Source records:
* * *
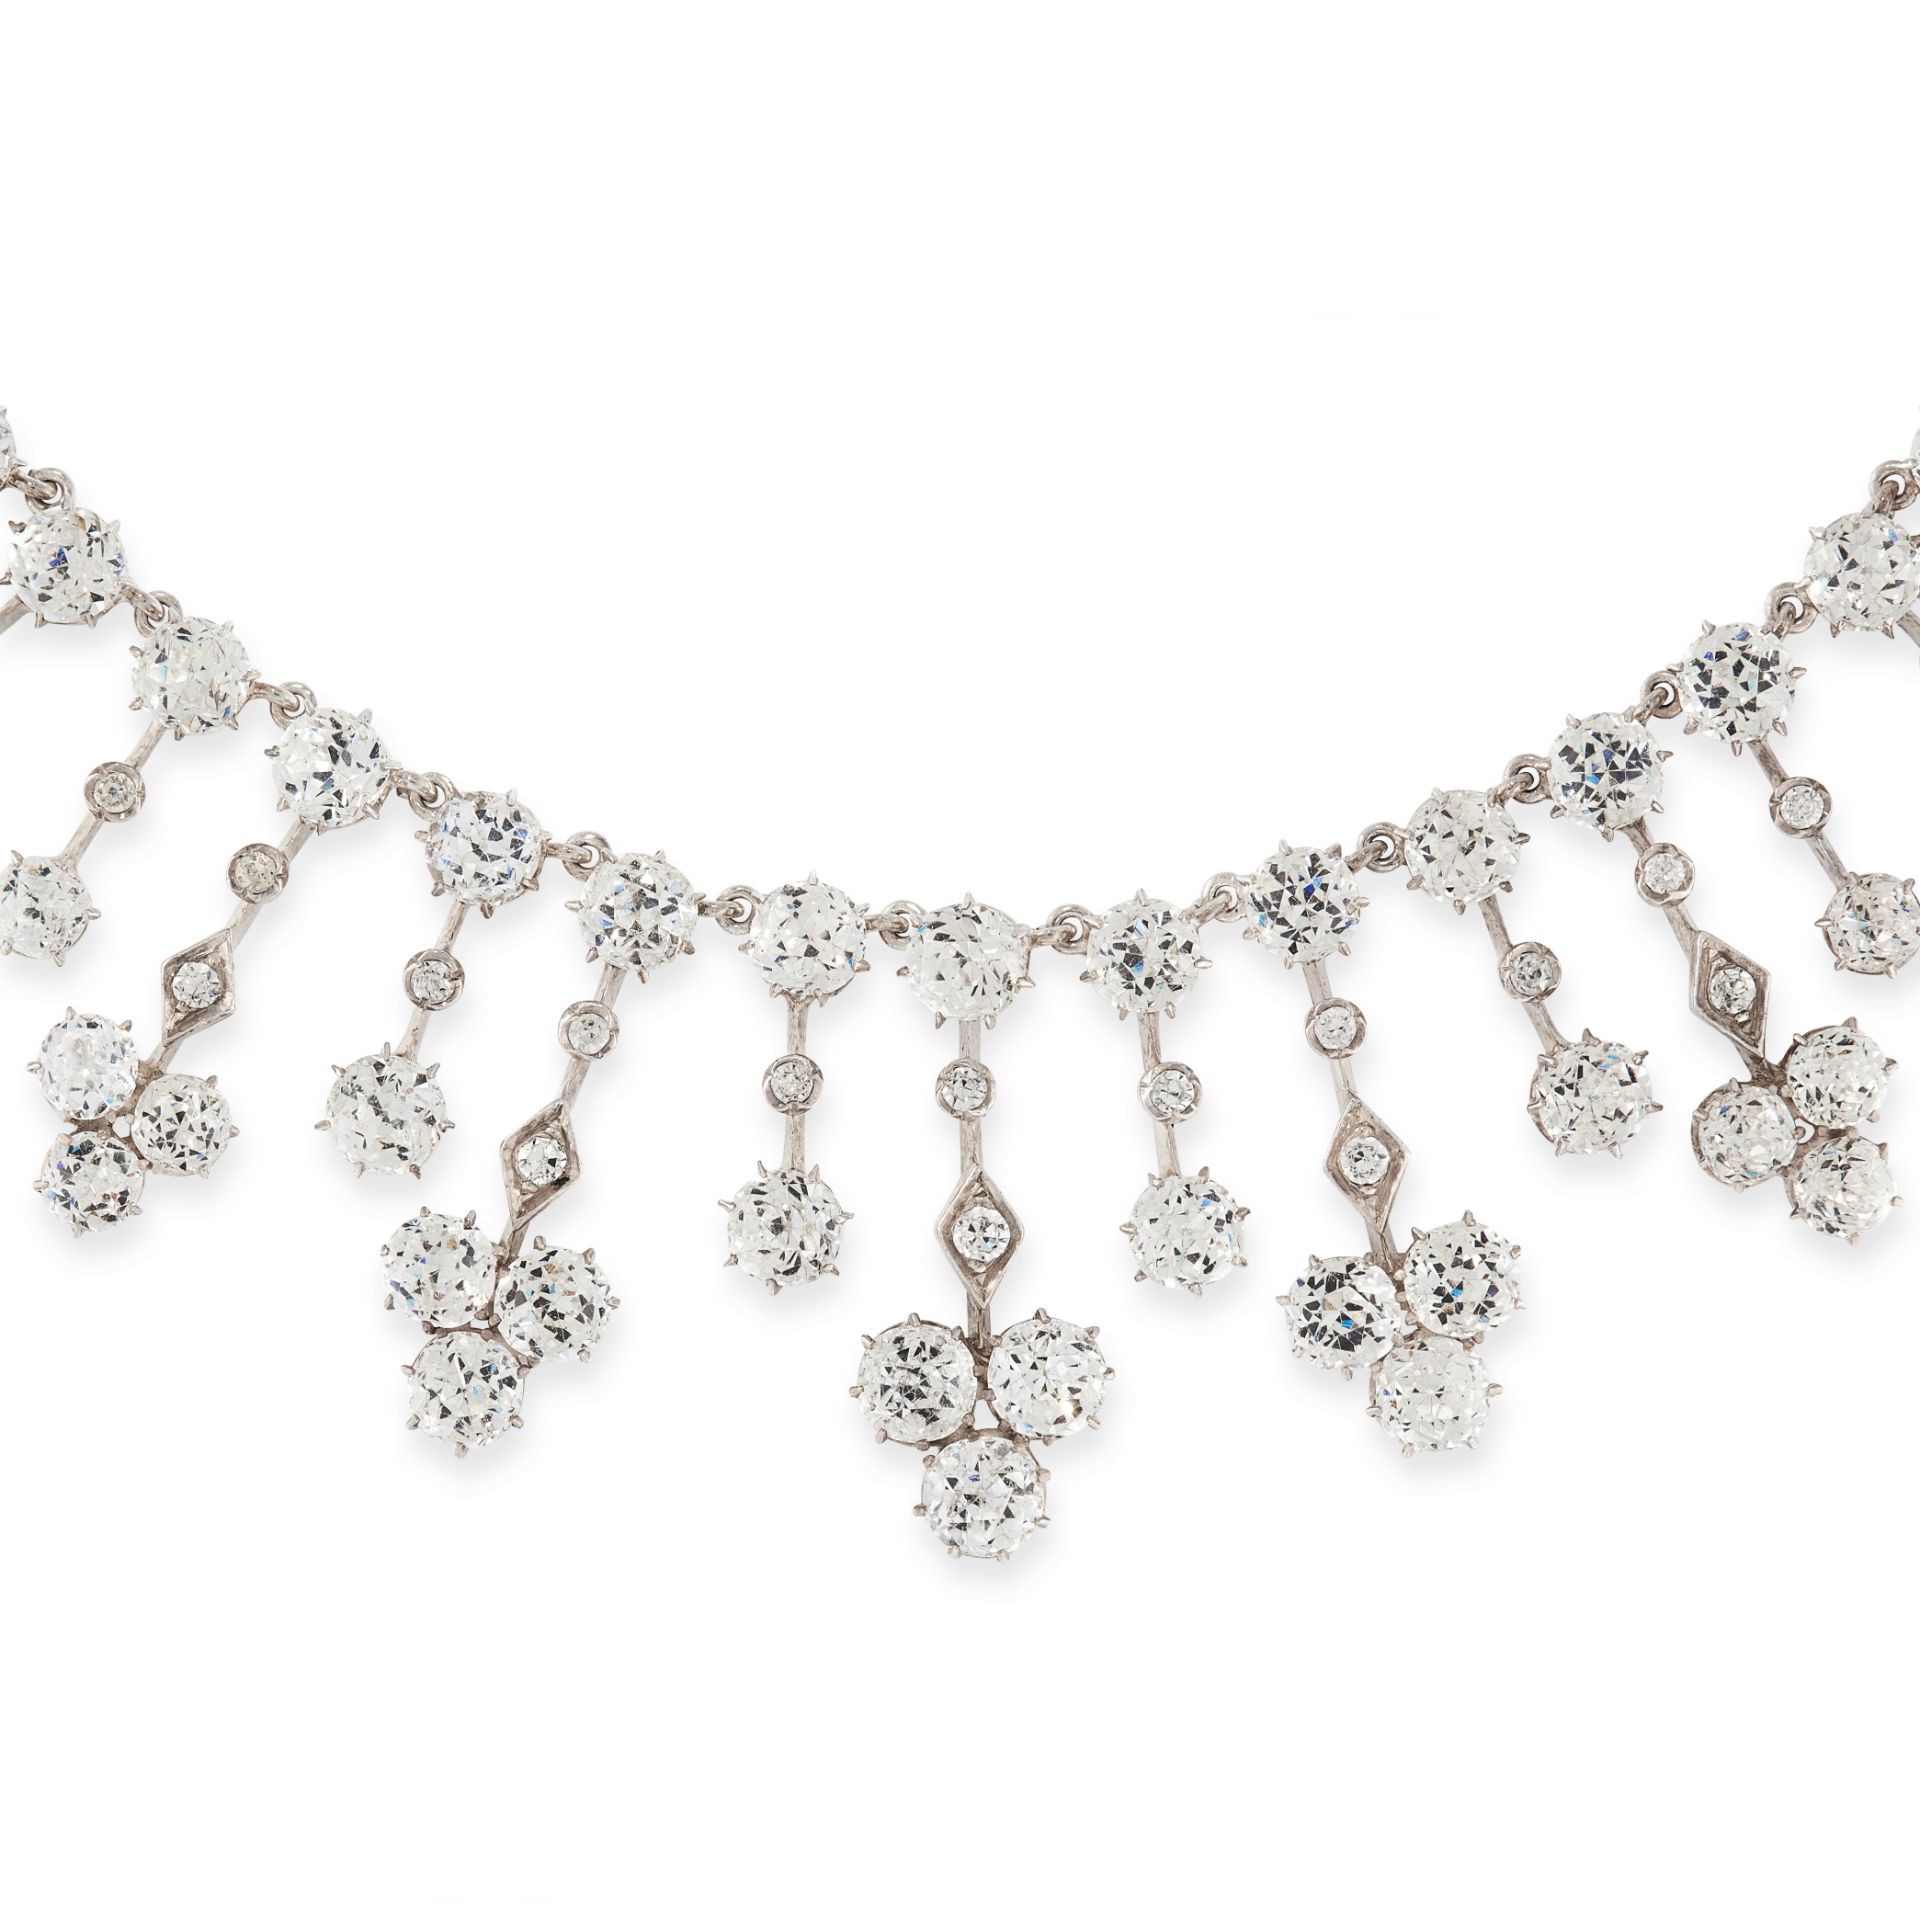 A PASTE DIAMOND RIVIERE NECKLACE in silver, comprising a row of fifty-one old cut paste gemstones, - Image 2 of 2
* * *
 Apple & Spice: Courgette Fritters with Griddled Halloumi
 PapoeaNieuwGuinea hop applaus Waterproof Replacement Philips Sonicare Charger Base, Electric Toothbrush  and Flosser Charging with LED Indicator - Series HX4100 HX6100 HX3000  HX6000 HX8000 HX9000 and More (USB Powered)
* * *
Assignment: Copy all lines of the records that have the string "with" in them.

Result:
 Apple & Spice: Courgette Fritters with Griddled Halloumi
 PapoeaNieuwGuinea hop applaus Waterproof Replacement Philips Sonicare Charger Base, Electric Toothbrush  and Flosser Charging with LED Indicator - Series HX4100 HX6100 HX3000  HX6000 HX8000 HX9000 and More (USB Powered)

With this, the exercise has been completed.